Later I asked Schweitzer how a Democrat could sell that energy pitch in a presidential campaign. "I can do it in a 60-second spot," he said. "Put me on the clock." And he was off to the races: "Folks, we've got a problem. We Americans use 6.5 billion bbl. of oil a year. We produce 2.5 billion ourselves. We import 4 billion from the world's worst dictators. We need to stop doing that. We can save 1 billion bbl. through conservation. Things like more efficient cars, homes and appliances. We can produce another 1 billion bbl. of biofuels with agricultural crops like corn, soybeans and canola. We can produce 2 billion bbl. a year turning our enormous coal reserves to clean-burning gas. We can achieve energy independence in 10 years, create a whole new industry with tens of thousands of high-paying jobs, and you'll never have to send your grandchildren to war in the Middle East. I'm Brian Schweitzer, and I approved this message."

He did it in about 40 seconds, according to my clock, but he was speed rapping. Which raises the question of Schweitzer's own presidential ambitions. "Heck, I just got elected in 2004," he told me last summer. "I've got to make this energy thing work in Montana first." In fact, the real flaw in the Rocky Mountain Blue electoral fantasies is that the Democrats' leading candidates, especially the junior Senator from New York, elicit groans in the Rockies. "I just don't get this Obama thing, either," says Orbanek, the Grand Junction newspaper publisher.
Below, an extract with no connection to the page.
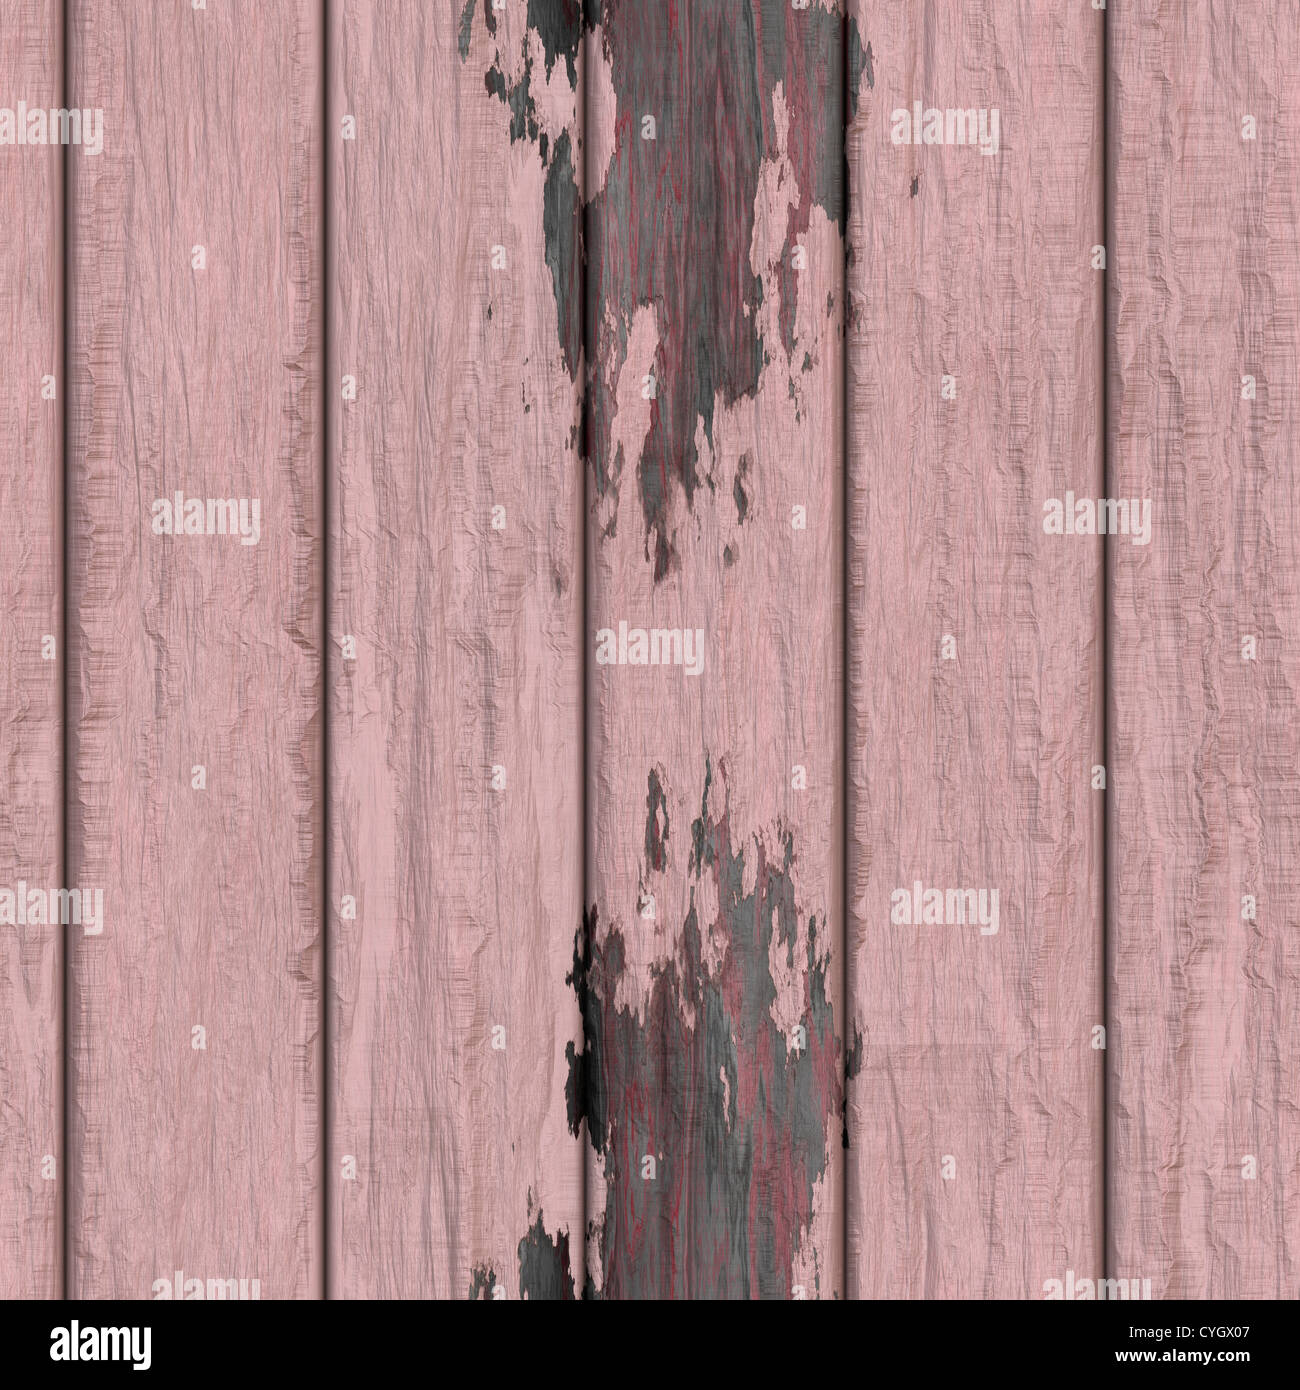 Nahtlose Qualität hohe Auflösung der alten hölzernen Planken Stockfoto

New Mexico's popular Latino Governor Bill Richardson will probably try in 2008, but Richardson has spent most of his career in Washington and sometimes tries a bit too hard at playing the Western card: his cowboy boots are ostrich skin, which is permissible but fancy. Richardson certainly can't compete with Republicans John McCain or Mitt Romney, either of whom would easily sweep the region.
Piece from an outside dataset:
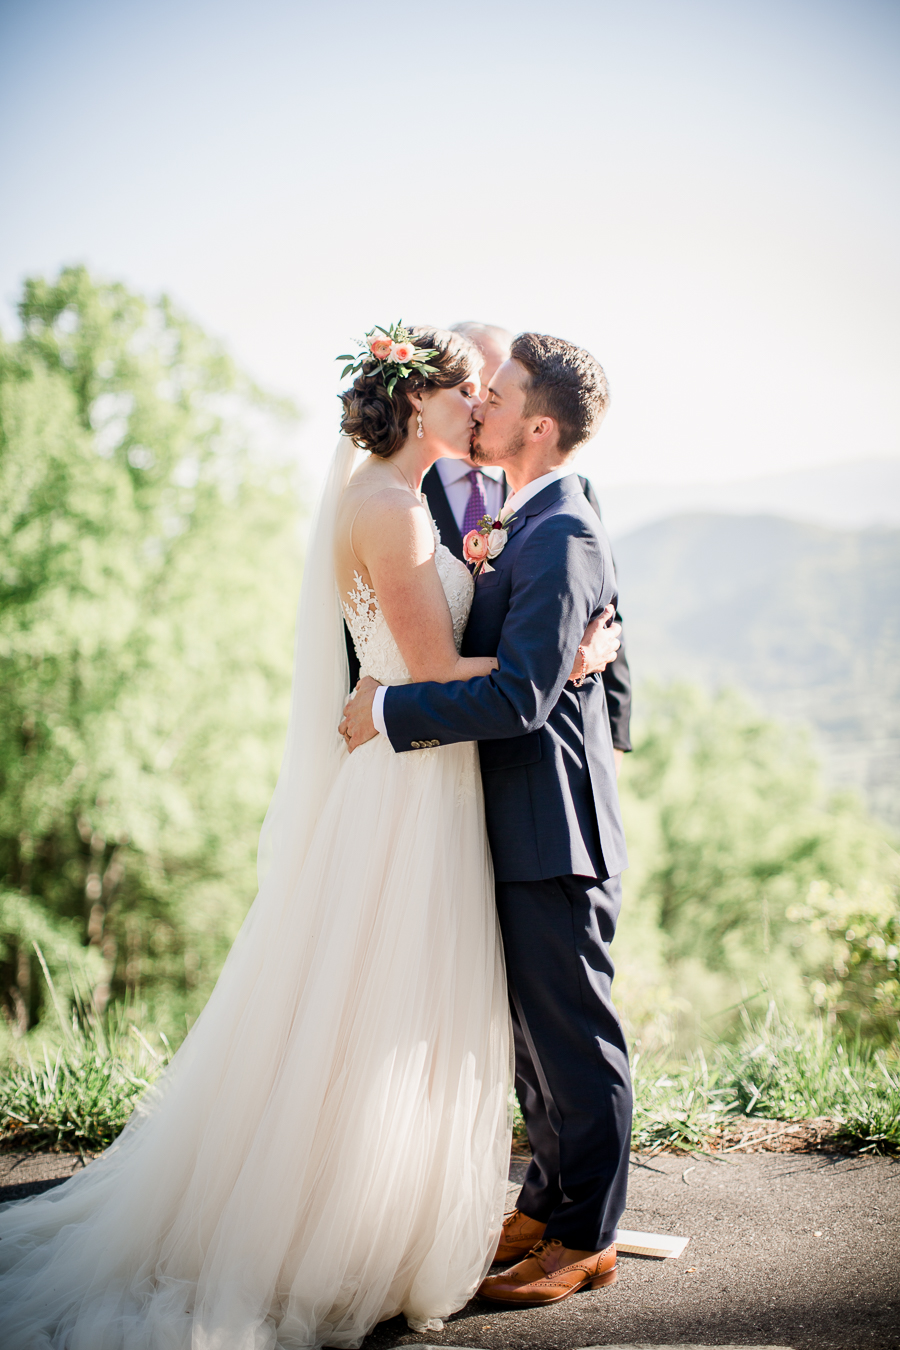 Kissing his new Bride at this North Carolina Elopement by Knoxville Wedding Photographer, Amanda May Photos.

In the end, the real impact of the Rocky Mountain Democrats on their party may be more spiritual than electoral. Their informality and egalitarianism, their lack of bile, their can-do optimism stand in refreshing contrast to politics as it is practiced in our nation's capital. One night last autumn, Schweitzer took me to Jake's Restaurant in Billings, one of the better steak houses in his state. "Oh, hi, Governor," the hostess beamed. Schweitzer asked her if she had a table available. She frowned over her reservation list. "Sorry, Governor, we're full up," she said. "You want to sit in the bar?"

"Sure!" Schweitzer said, without blinking an eye. I daresay that no Governor of an East or West Coast ... or Southern state would ever get stiffed like that or take it with such equanimity. But it sure felt bracing, like a fresh wind off the prairie, like America is supposed to be.